# L9 Feature Engineering

This lesson will focus on a few aspects of Feature Engineering, which is similar to Data Wrangling. In particular, we're going to focus on the Feature Cross.

Also, we're going to look at a new data set that looks at subsample of NYC taxi rides taken from the NYC Taxi and Limosine Commission (https://www.nyc.gov/site/tlc/about/tlc-trip-record-data.page). This data set is part of Seaborn distributions, and can be loaded directly from Jupyter. You can find all of the other Seaborn provided data sets on github (https://github.com/mwaskom/seaborn-data).

Let's take a look!

In [None]:
import numpy as np
import pandas as pd

import matplotlib.pyplot as plt
import seaborn as sns

In [None]:
df = sns.load_dataset('taxis')
df.shape

In [None]:
df.head(5)

Before we begin, you may like to explore this data set and get a feel for it.

## Feature Crosses

The Feature Cross is a broad category of feature engineering where you combine multiple features. Often this is numeric.

Since these are `datetime` objects, we'll have to convert them to seconds.

In [None]:
df.dtypes

In [None]:
df['travel_time'] = (df['dropoff'] - df['pickup']).apply(lambda x: x.total_seconds())

In [None]:
ax = sns.histplot(data=df, x='travel_time')
ax.set_xlabel('Time time (s)')

Now another thing we might like to do is see how this changes for different boroughs. But, customers can go between borough, so we really want to only look at those that start and stop in the same borough.

Here we create a simple `pd.Series` of `True`/`False` values if the pickup and droppoff boroughs are the same.

In [None]:
df['same_borough'] =  (df['dropoff_borough'] == df['pickup_borough'])

In [None]:
sns.histplot(data=df[df['same_borough'] == True], x='travel_time', hue='dropoff_borough')

Although I am not using this specific Feature Cross to draw conclusions, it helped me plot intra-borough travel times very quickly.

Also, we see we have a lot more trips in Manhattan, so we should probably look at relative frequencies between them.

In [None]:
sns.histplot(data=df[df['same_borough'] == True], x='travel_time', hue='dropoff_borough',
            stat='percent', common_norm=False)

Lastly, another example of a feature cross is to numerically manipulate features. For instance, we might want to know if rides with multiple passengers have different costs. Or simply, what is the cost per passenger?

In [None]:
df.head(5)

In [None]:
df['cost_per_passenger'] = (df['total'] / df['passengers'])

In [None]:
sns.histplot(data=df, x='cost_per_passenger')

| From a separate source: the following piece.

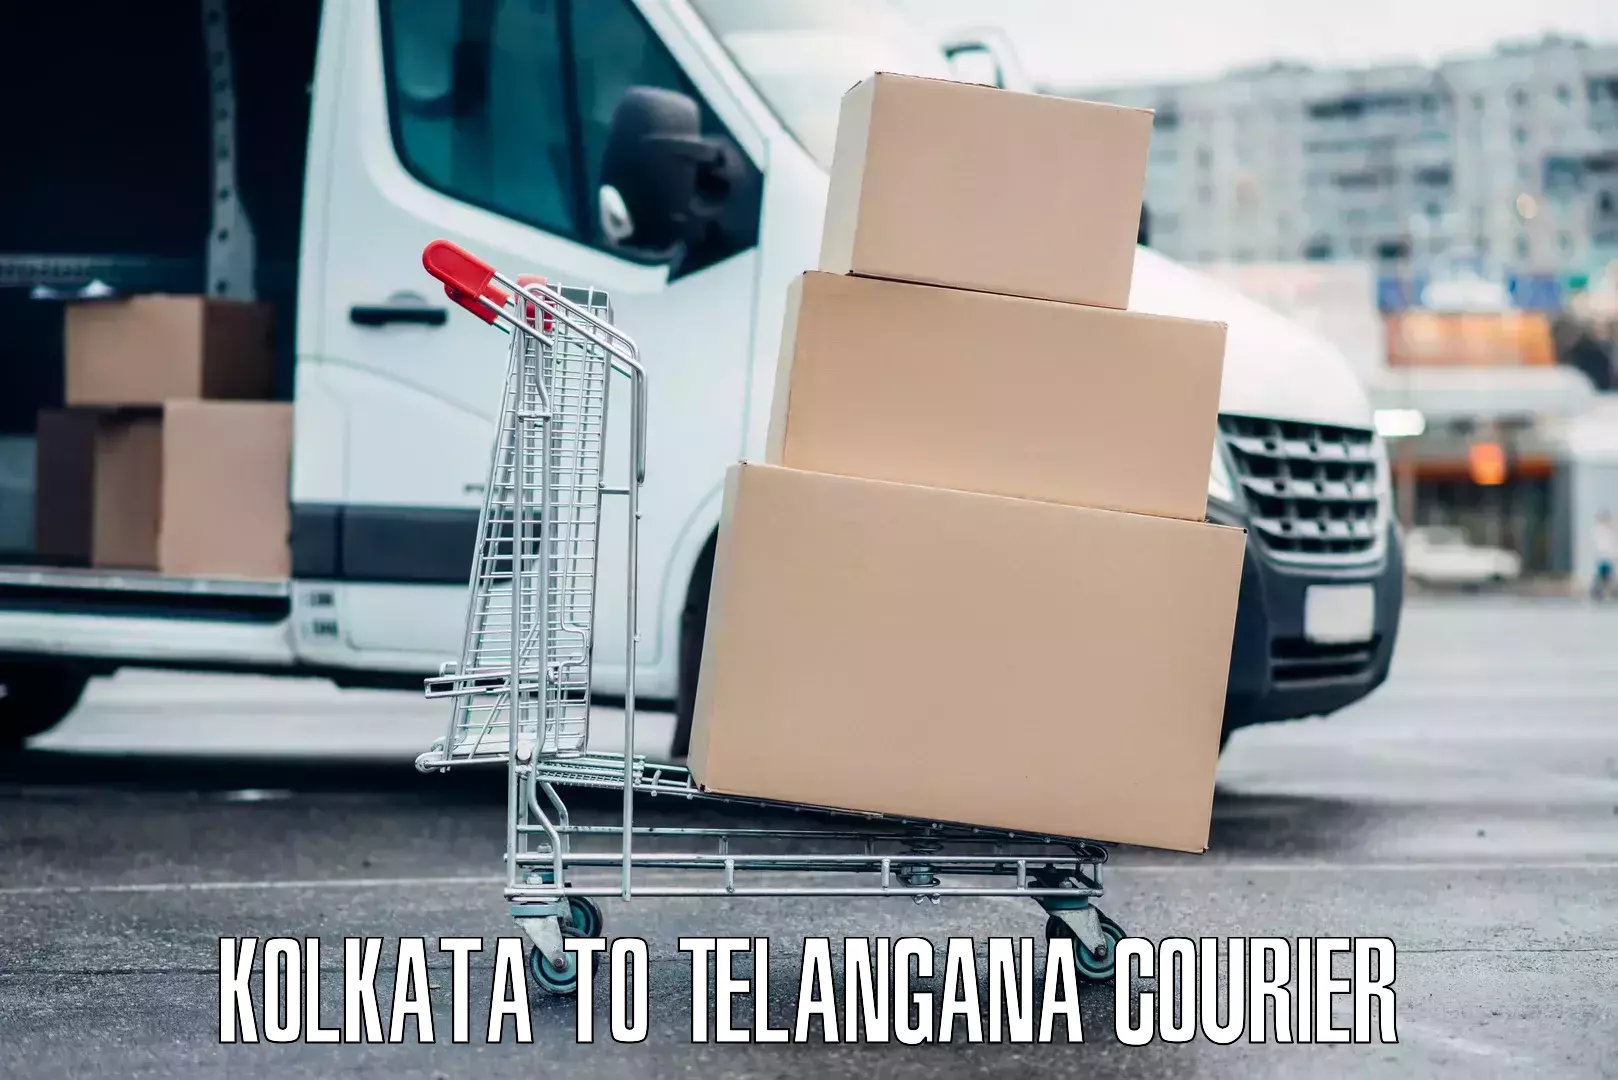 Express luggage delivery Kolkata to Telangana

Here we might also create a new feature specifying solo or multi passenger rides. I'll use a `lambda` function to quickly do this.

In [None]:
df['trip_type'] = df['passengers'].apply(lambda x: 'solo' if x == 1 else 'multi')

In [None]:
sns.boxplot(data=df, x='trip_type', y='cost_per_passenger', color='tab:blue')

Here we see that if you travel with friends, the total cost per person is advantageous.

## One Hot Encoding (OHE)

Finally I'd like to introduce OHE, which "binarizes" a categorical variable. This is useful in Machine Learning, and sometimes in data visualization.

To OHE features, you can use the `pd.get_dummies` method. If you don't specify a column(s), it will operate on _all_ categorical features.

For example, it expands our dataframe from 18 features to 423 columns!

In [None]:
df.head(5)

In [None]:
df.shape

In [None]:
pd.get_dummies(df).head(5)

If we specify the `payment` column, it expands to `payment_cash` and `payment_credit_card`.

In [None]:
pd.get_dummies(df, columns=['payment'])